Assigned task -> Please output exactly the lines from the one that holds "easy cadbury cookies" through the final line of the data, and nothing else; leave out any pictures.

Supplied information ->
◆ ◆ ◆
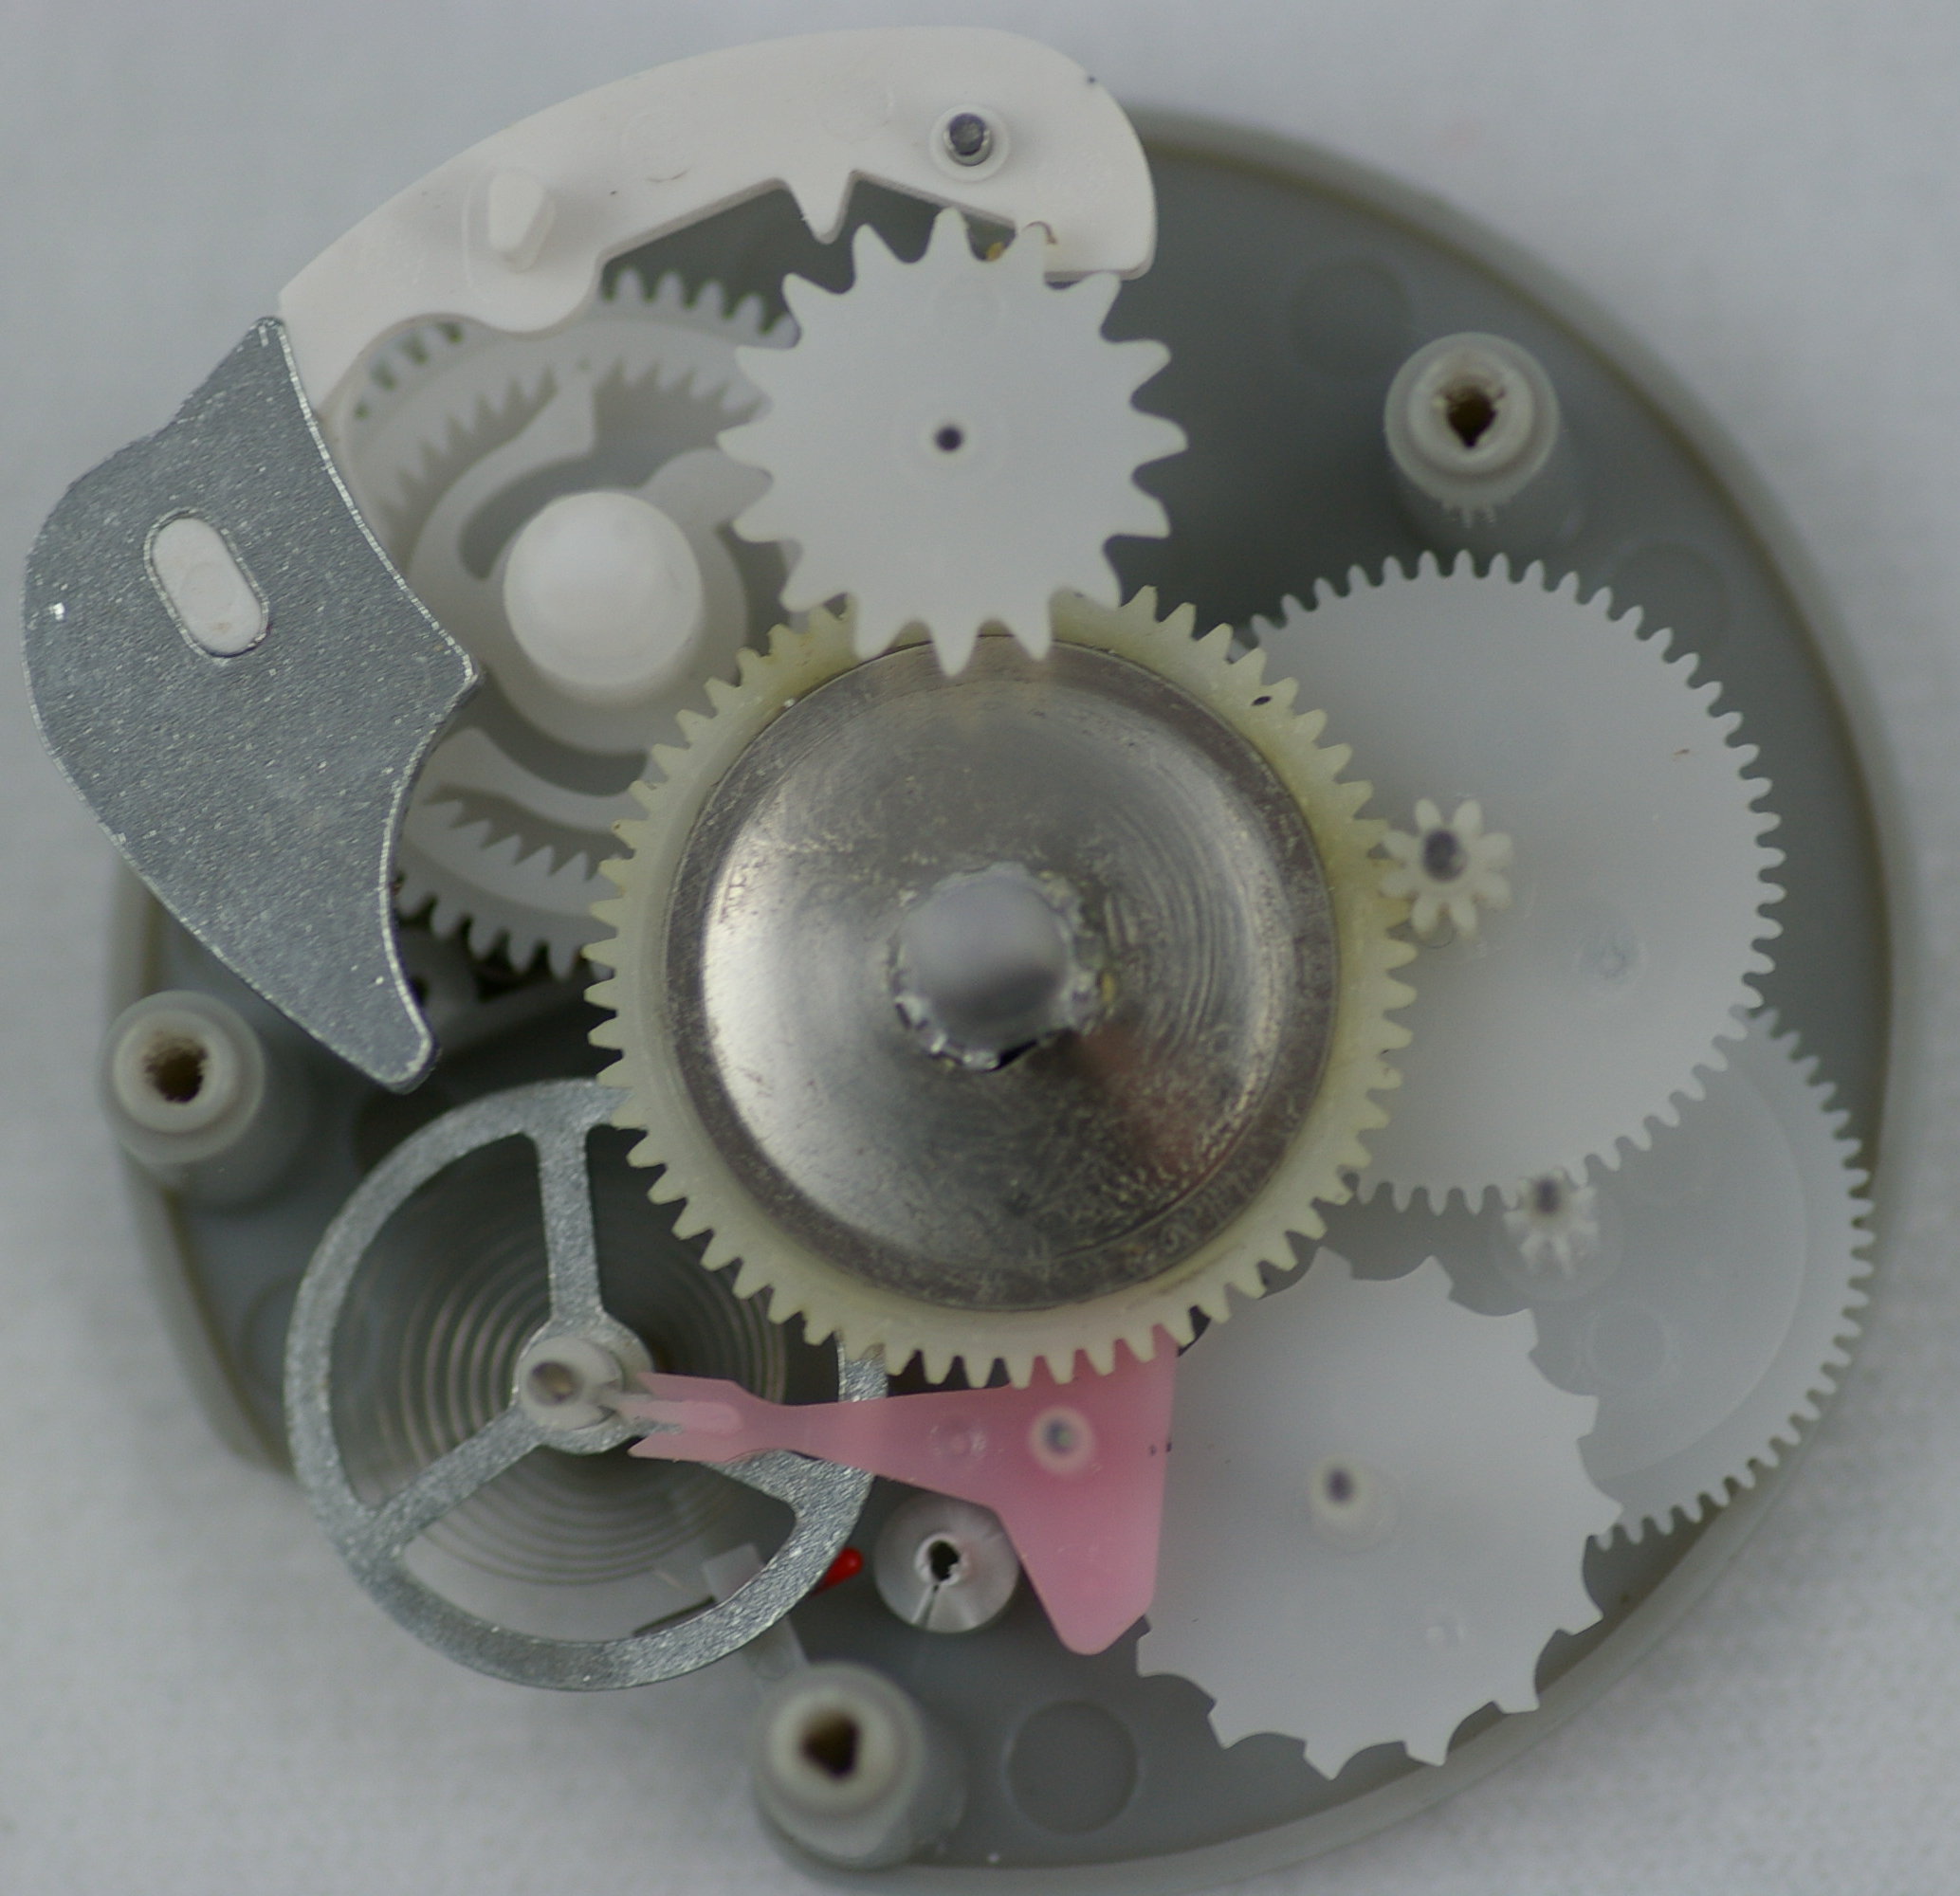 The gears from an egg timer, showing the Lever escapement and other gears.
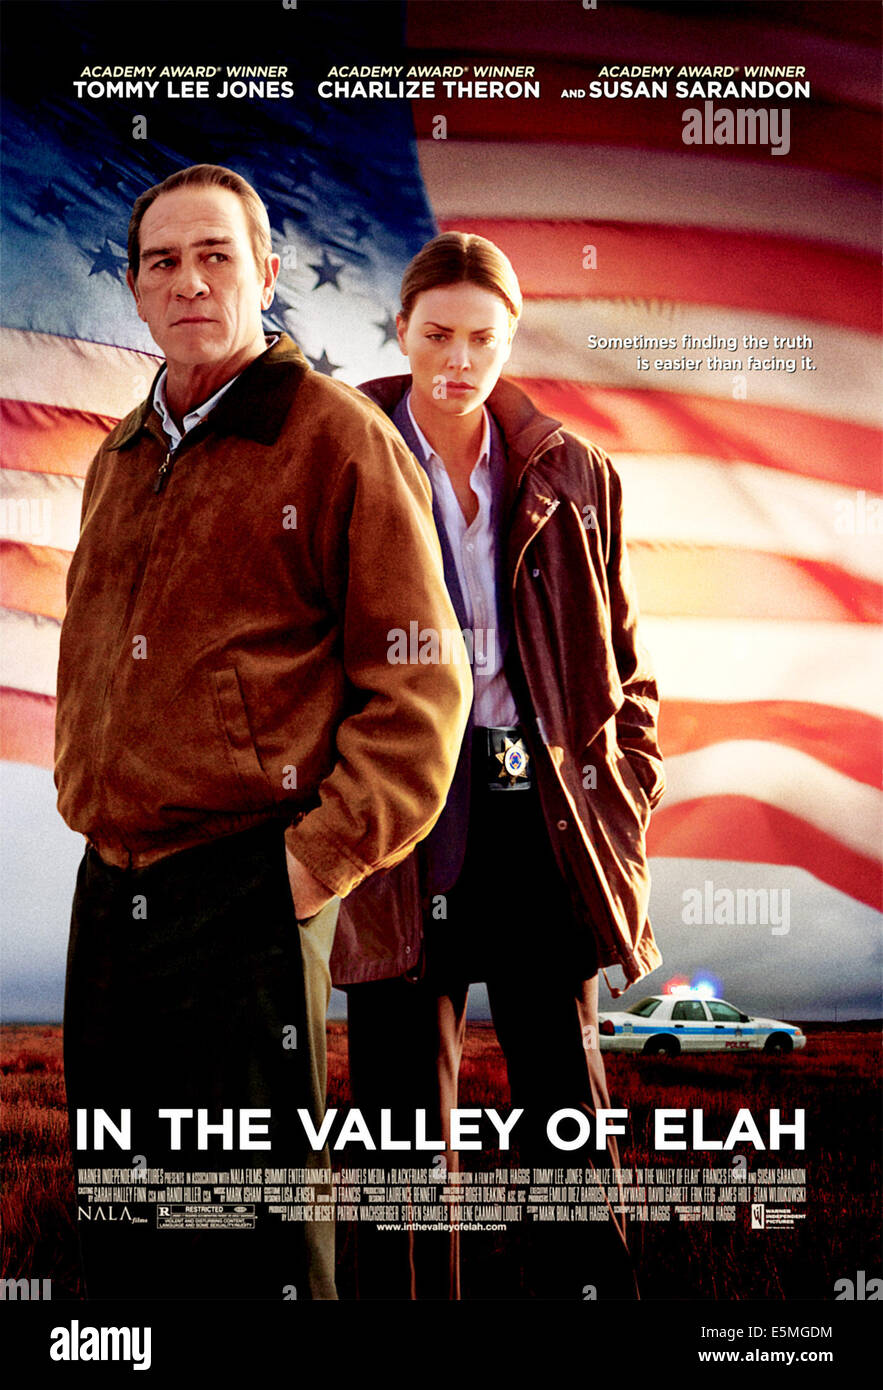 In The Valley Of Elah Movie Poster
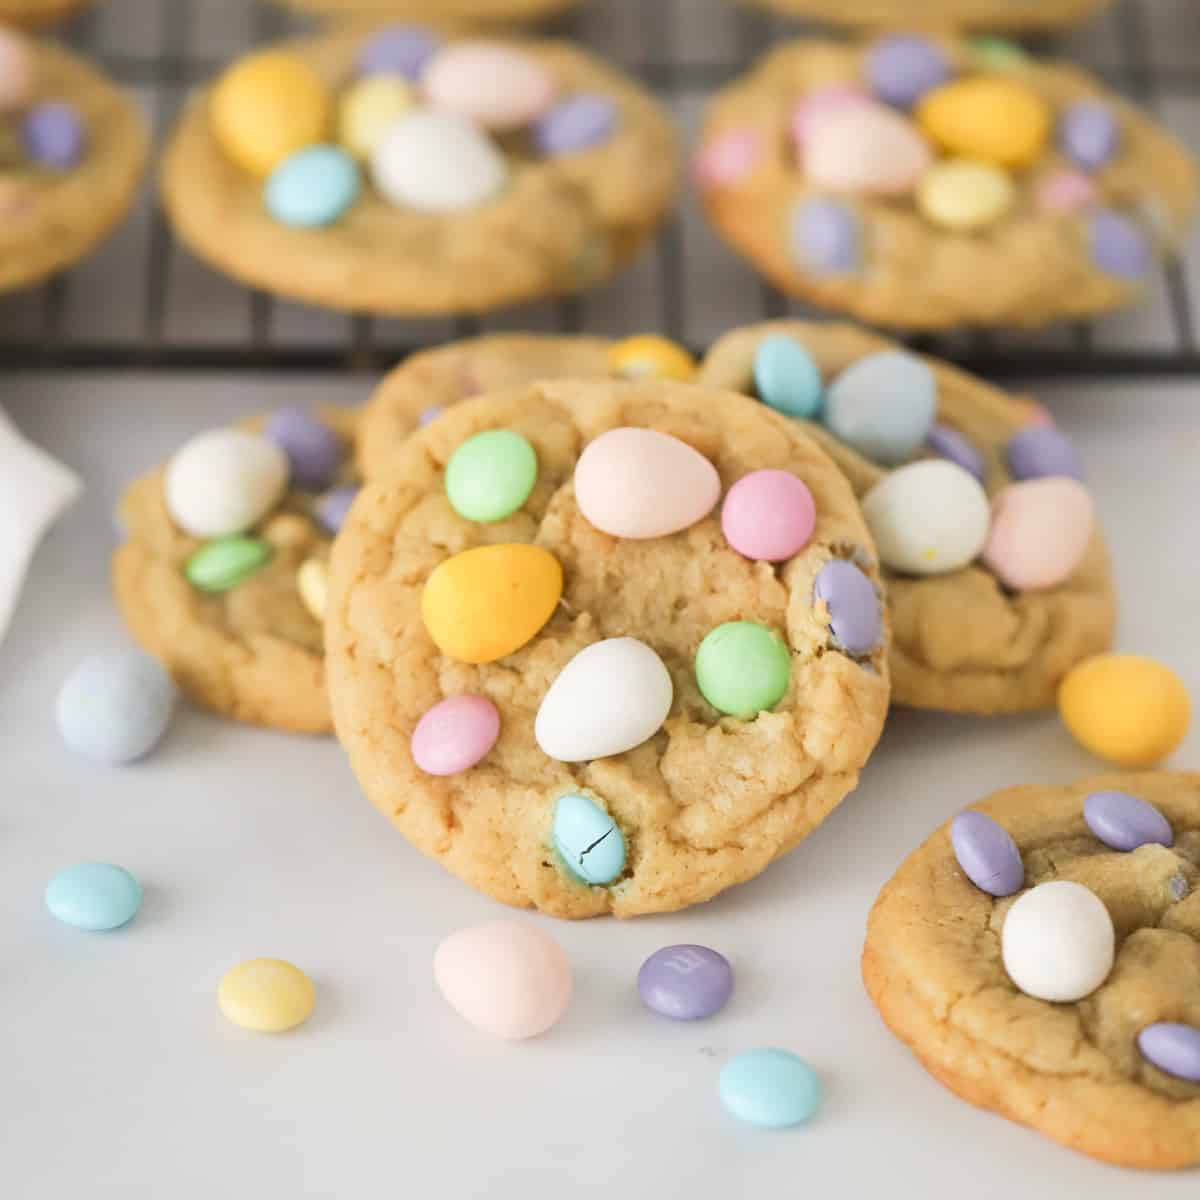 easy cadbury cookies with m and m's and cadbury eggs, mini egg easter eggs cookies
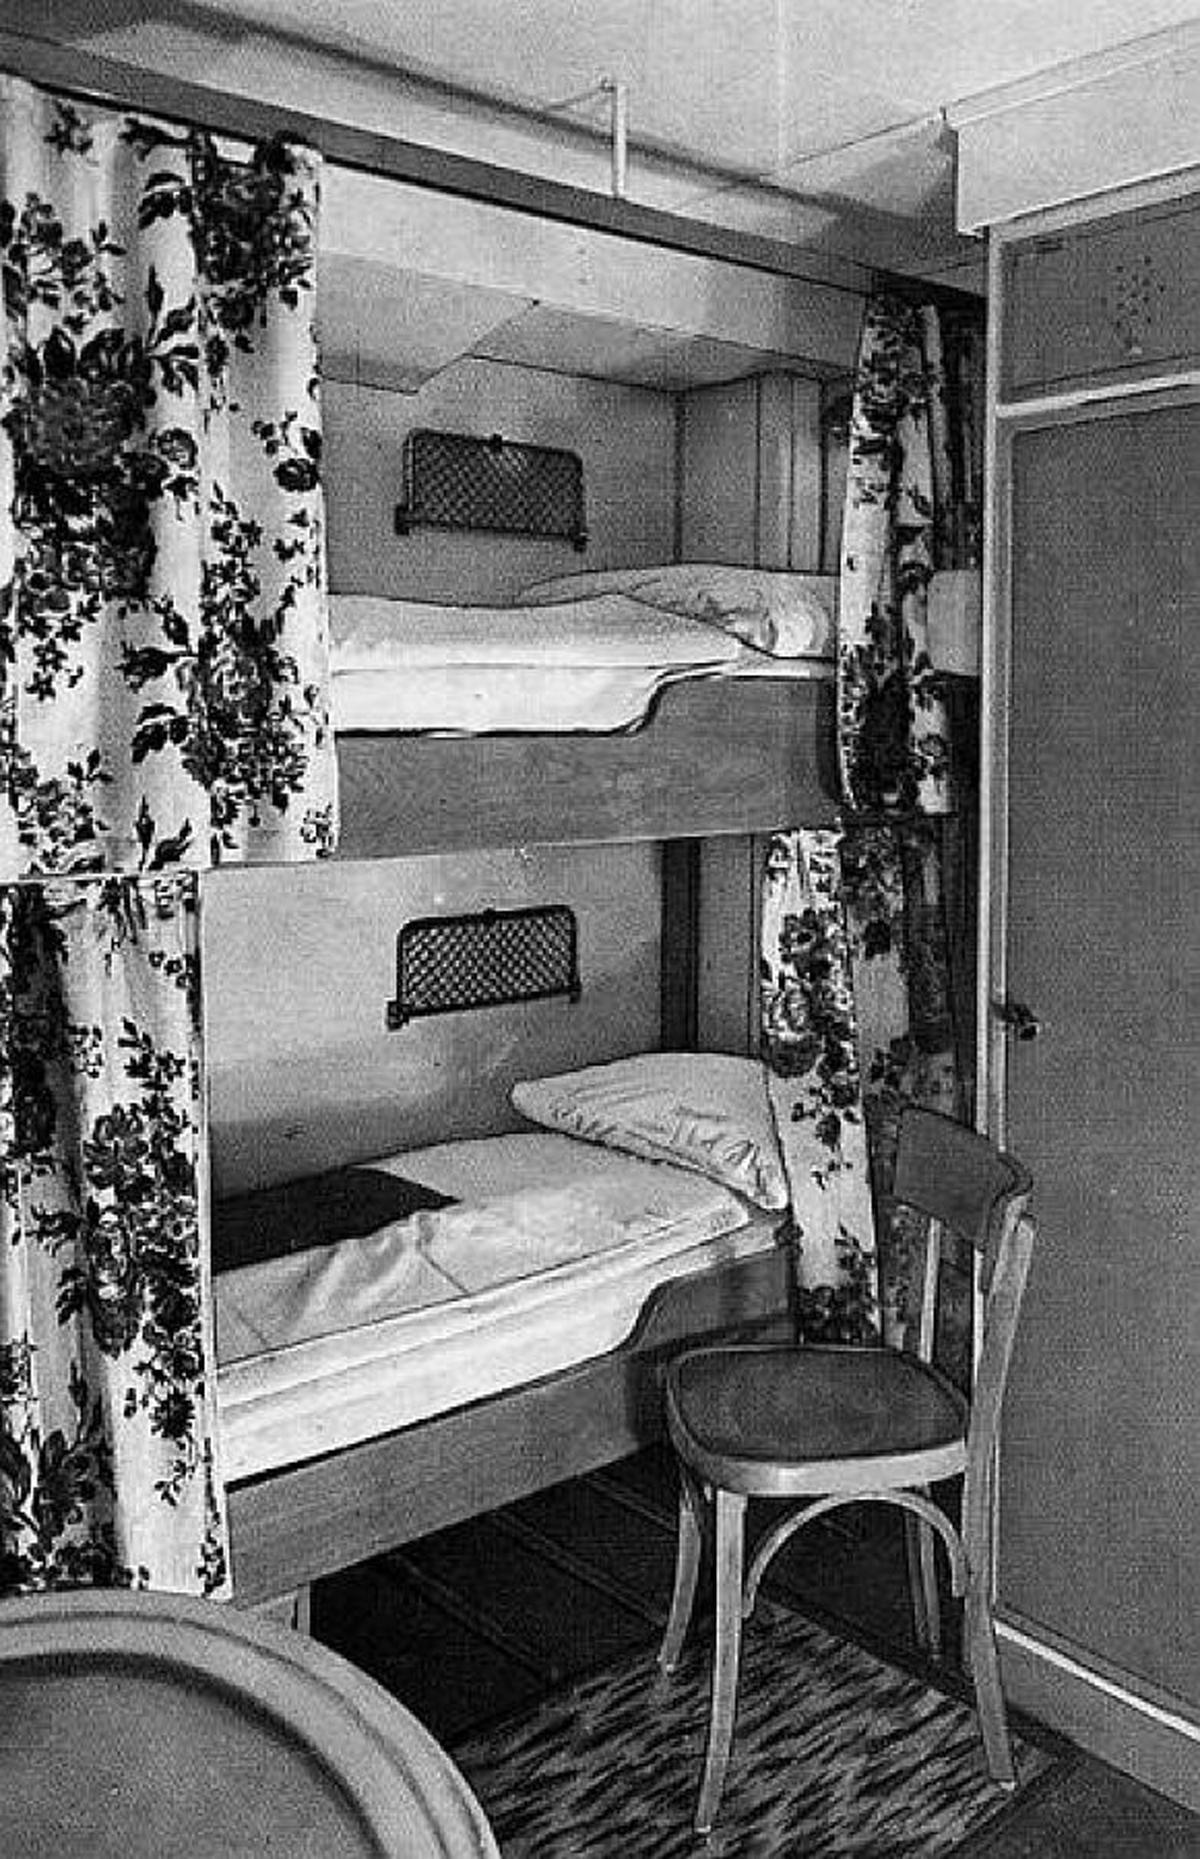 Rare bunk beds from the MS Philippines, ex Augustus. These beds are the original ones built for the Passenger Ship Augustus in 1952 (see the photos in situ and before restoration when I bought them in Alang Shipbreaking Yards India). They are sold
◆ ◆ ◆
Answer area ->
 easy cadbury cookies with m and m's and cadbury eggs, mini egg easter eggs cookies
 Rare bunk beds from the MS Philippines, ex Augustus. These beds are the original ones built for the Passenger Ship Augustus in 1952 (see the photos in situ and before restoration when I bought them in Alang Shipbreaking Yards India). They are sold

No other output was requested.